++++ Provided data ++++

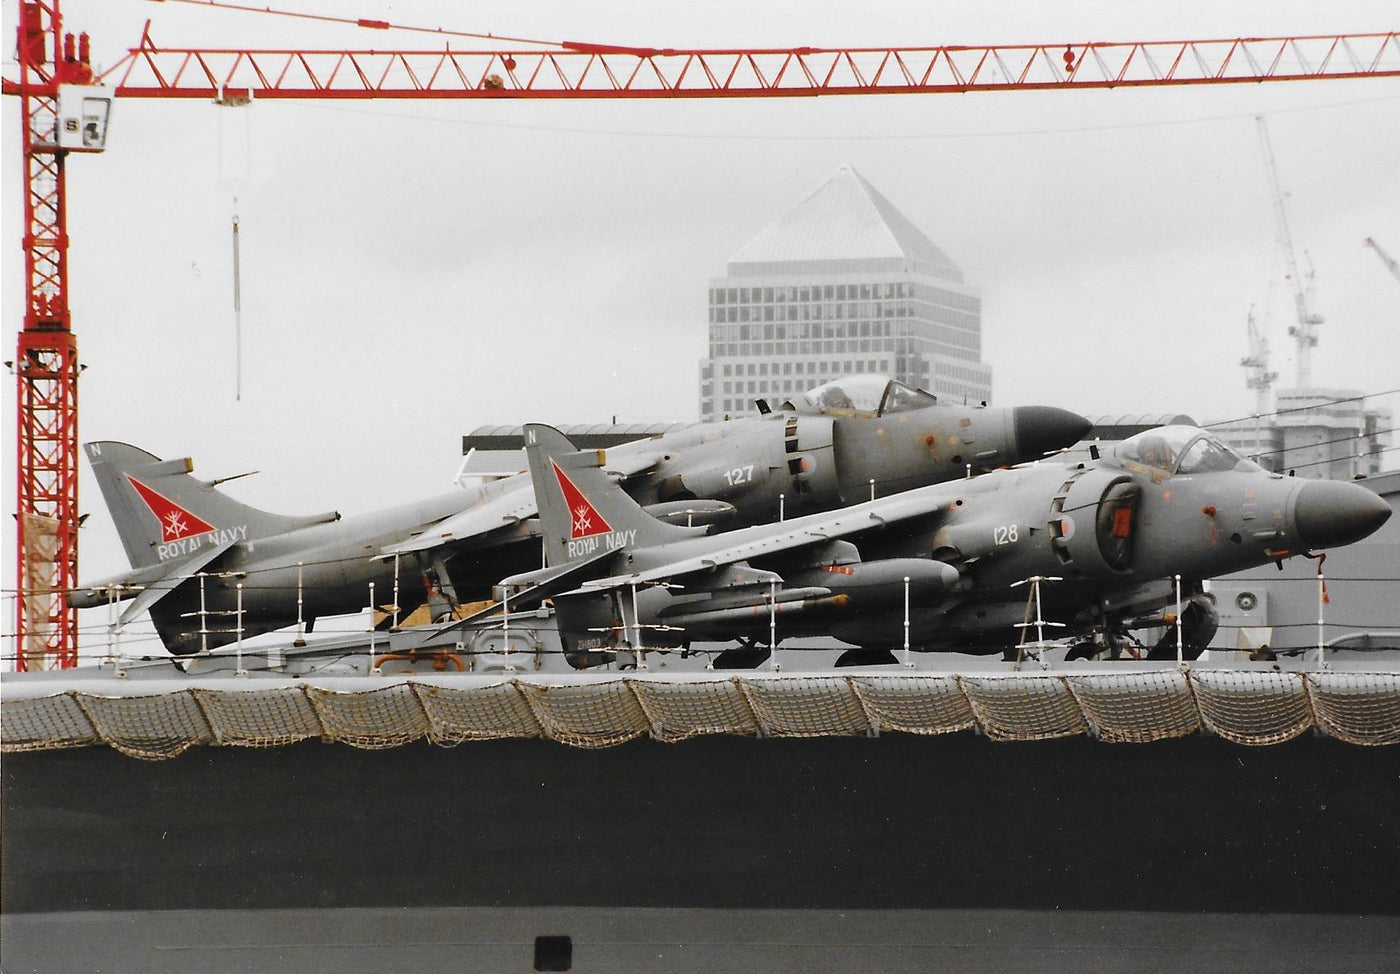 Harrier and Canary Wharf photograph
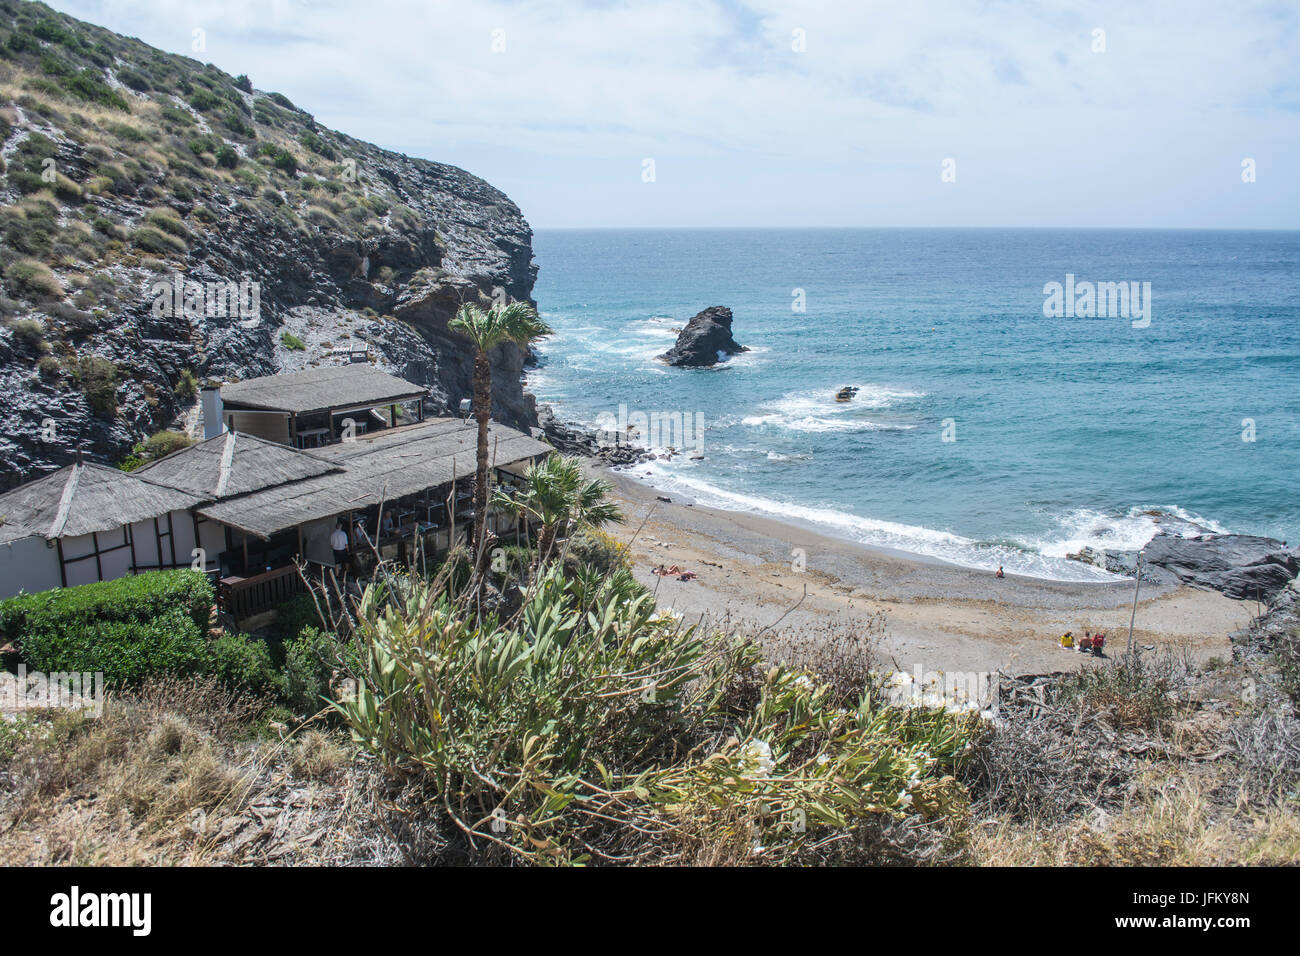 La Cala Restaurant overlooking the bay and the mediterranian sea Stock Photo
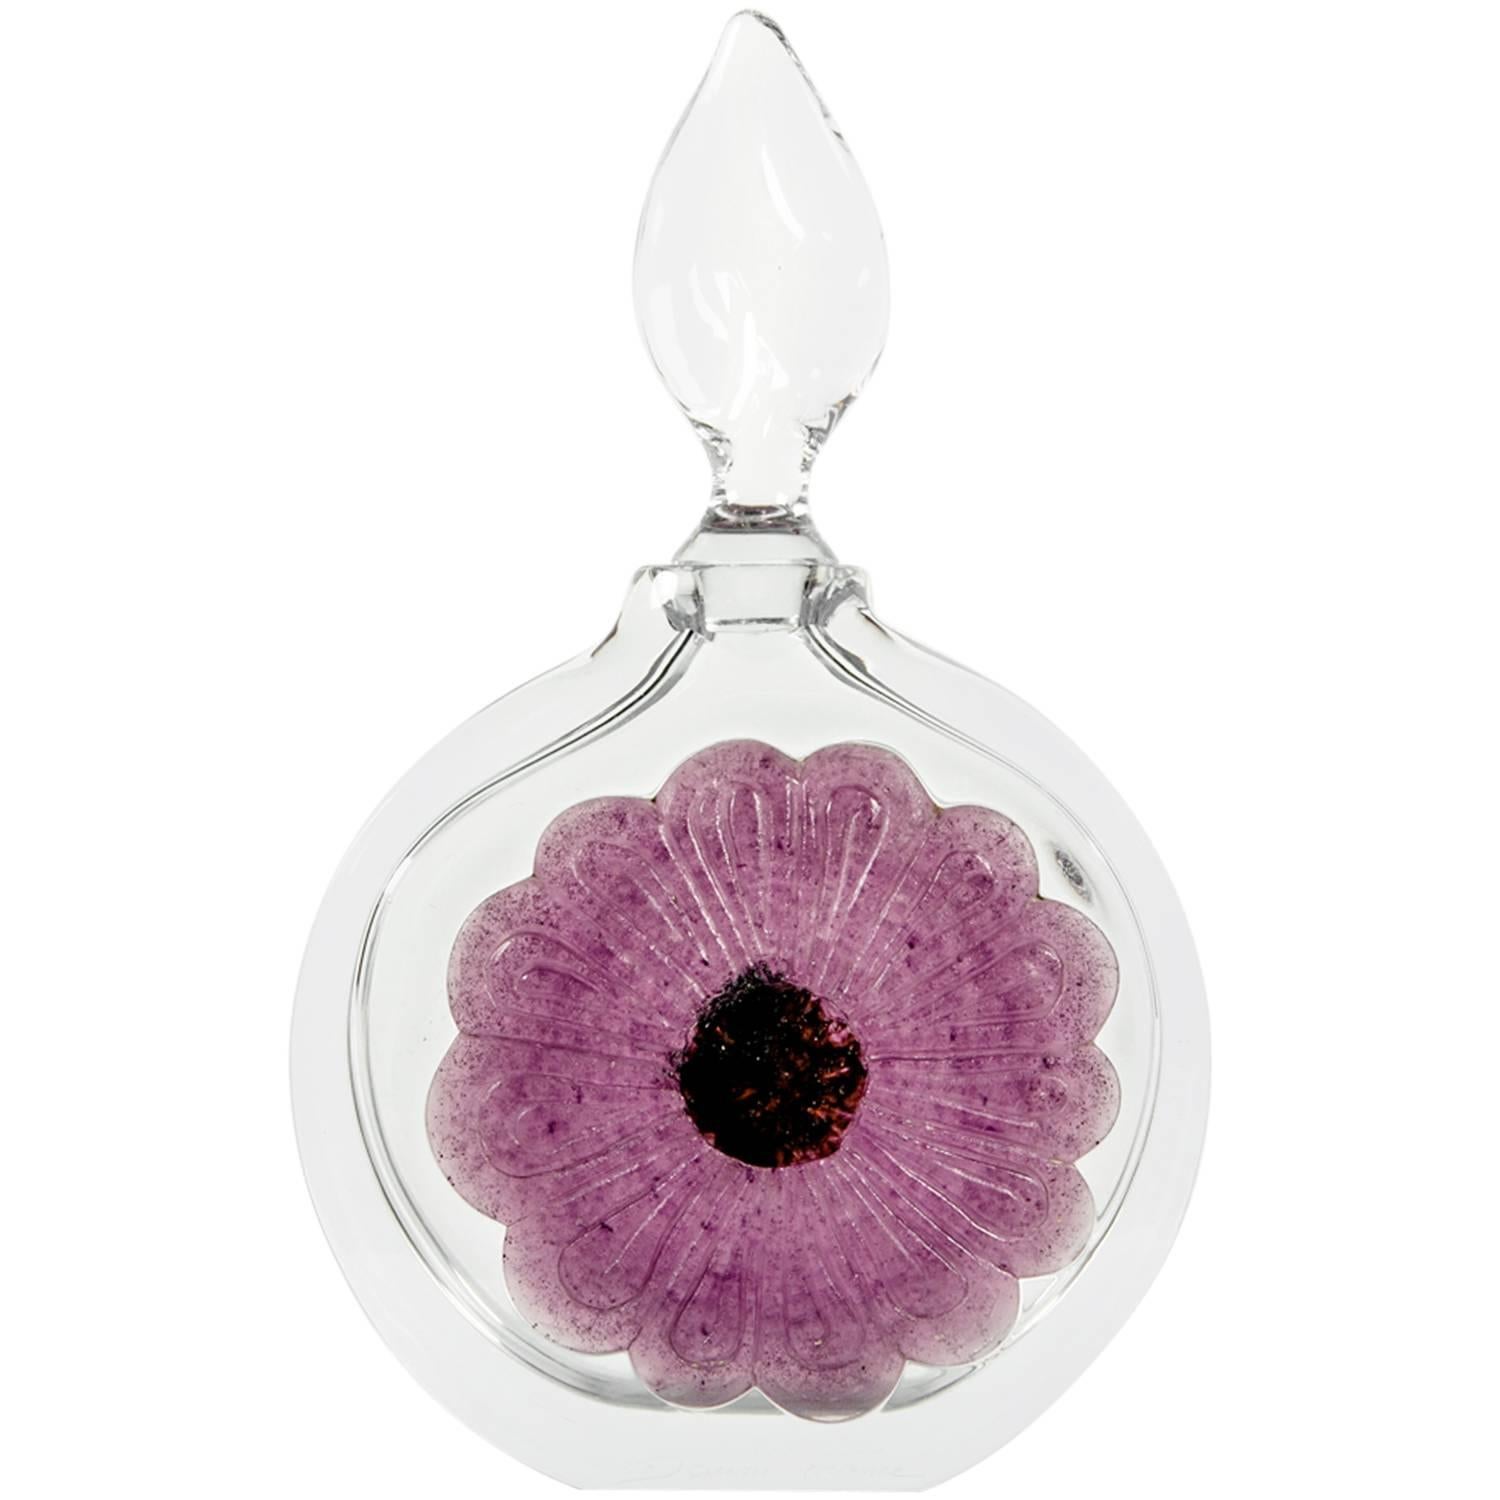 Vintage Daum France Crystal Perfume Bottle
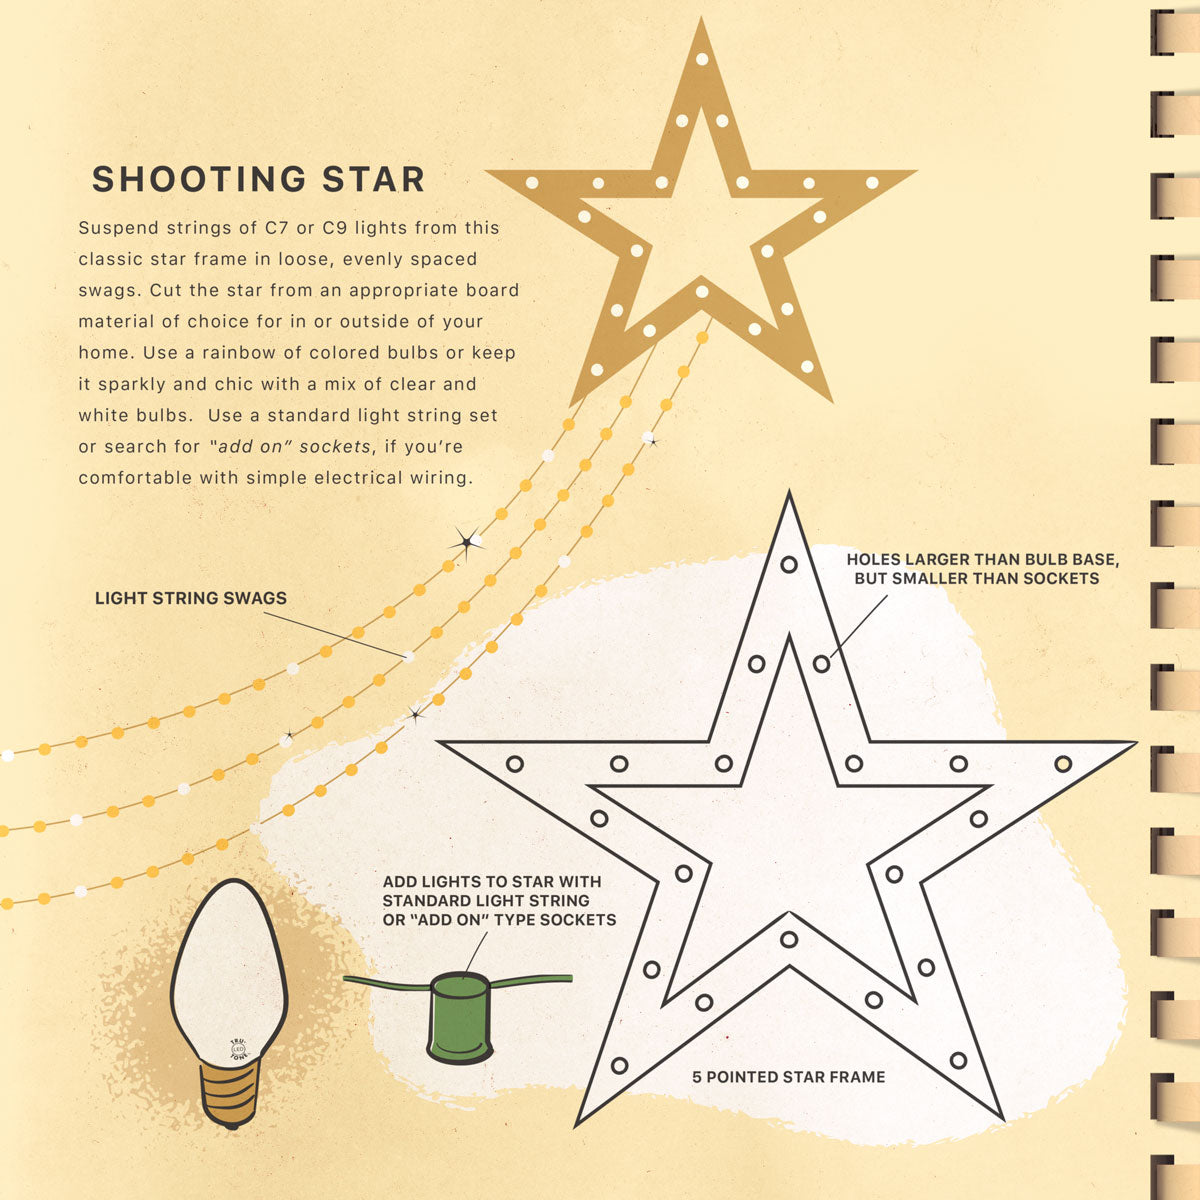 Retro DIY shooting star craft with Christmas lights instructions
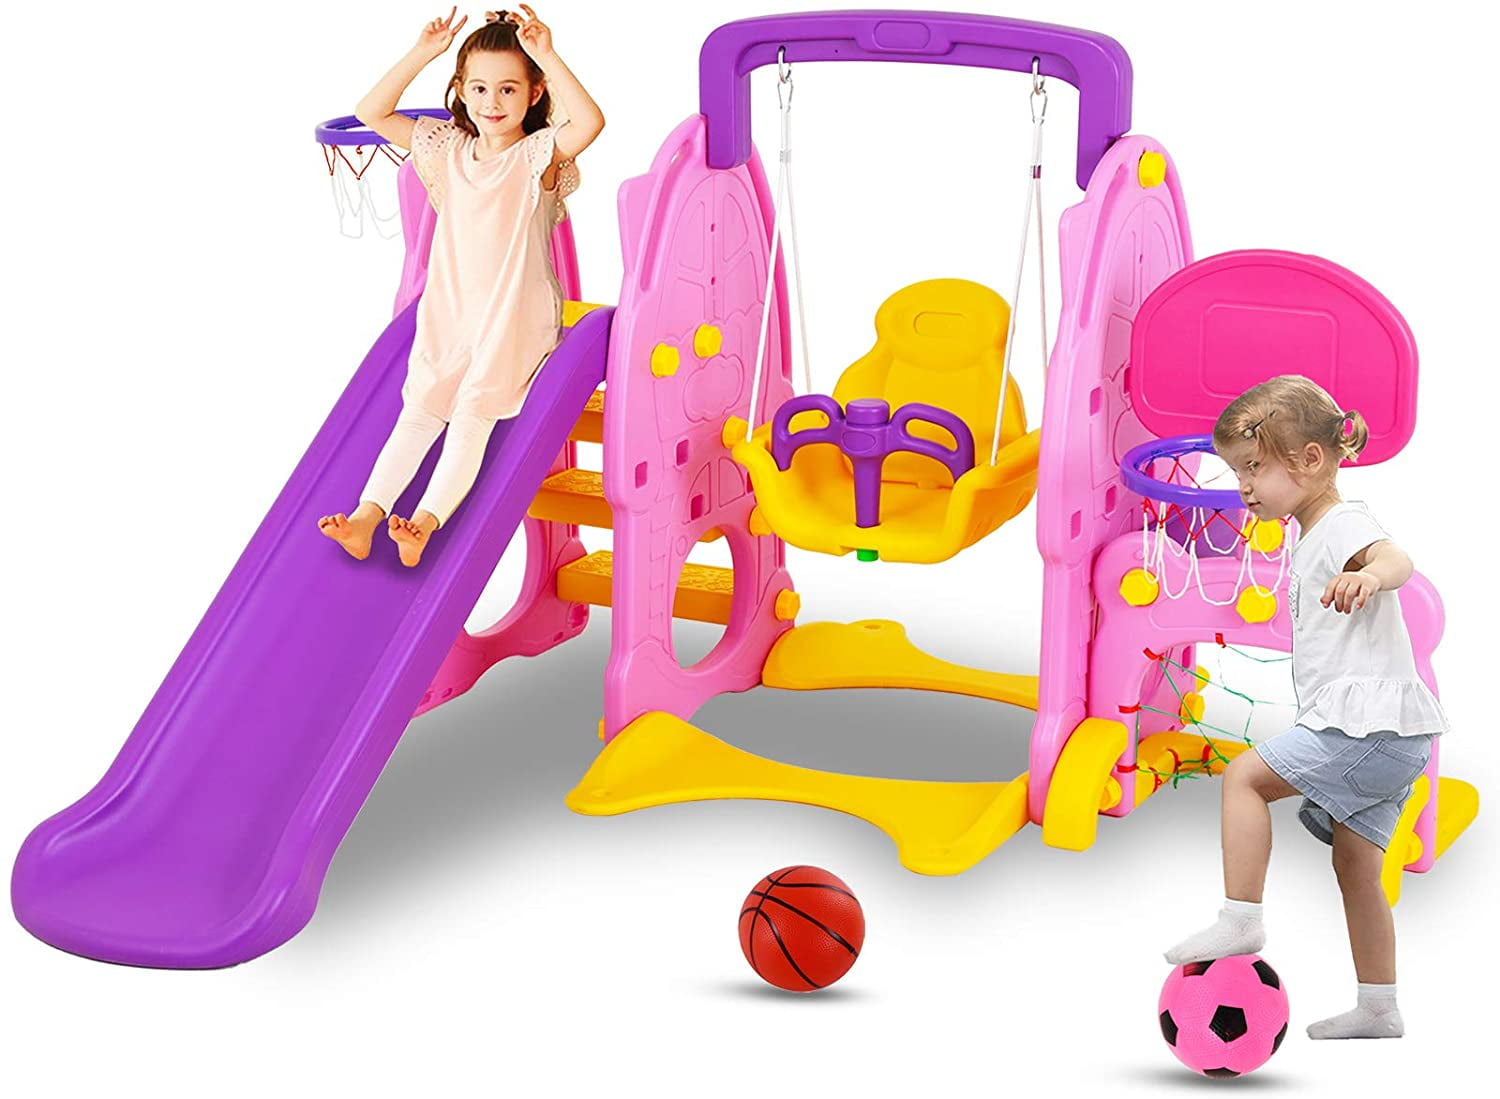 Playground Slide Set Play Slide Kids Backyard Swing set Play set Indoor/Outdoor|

++++

Assignment:
Please print the entries above exactly. Skip every picture.

The completed task:
 Harrier and Canary Wharf photograph
 La Cala Restaurant overlooking the bay and the mediterranian sea Stock Photo
 Vintage Daum France Crystal Perfume Bottle
 Retro DIY shooting star craft with Christmas lights instructions
 Playground Slide Set Play Slide Kids Backyard Swing set Play set Indoor/Outdoor|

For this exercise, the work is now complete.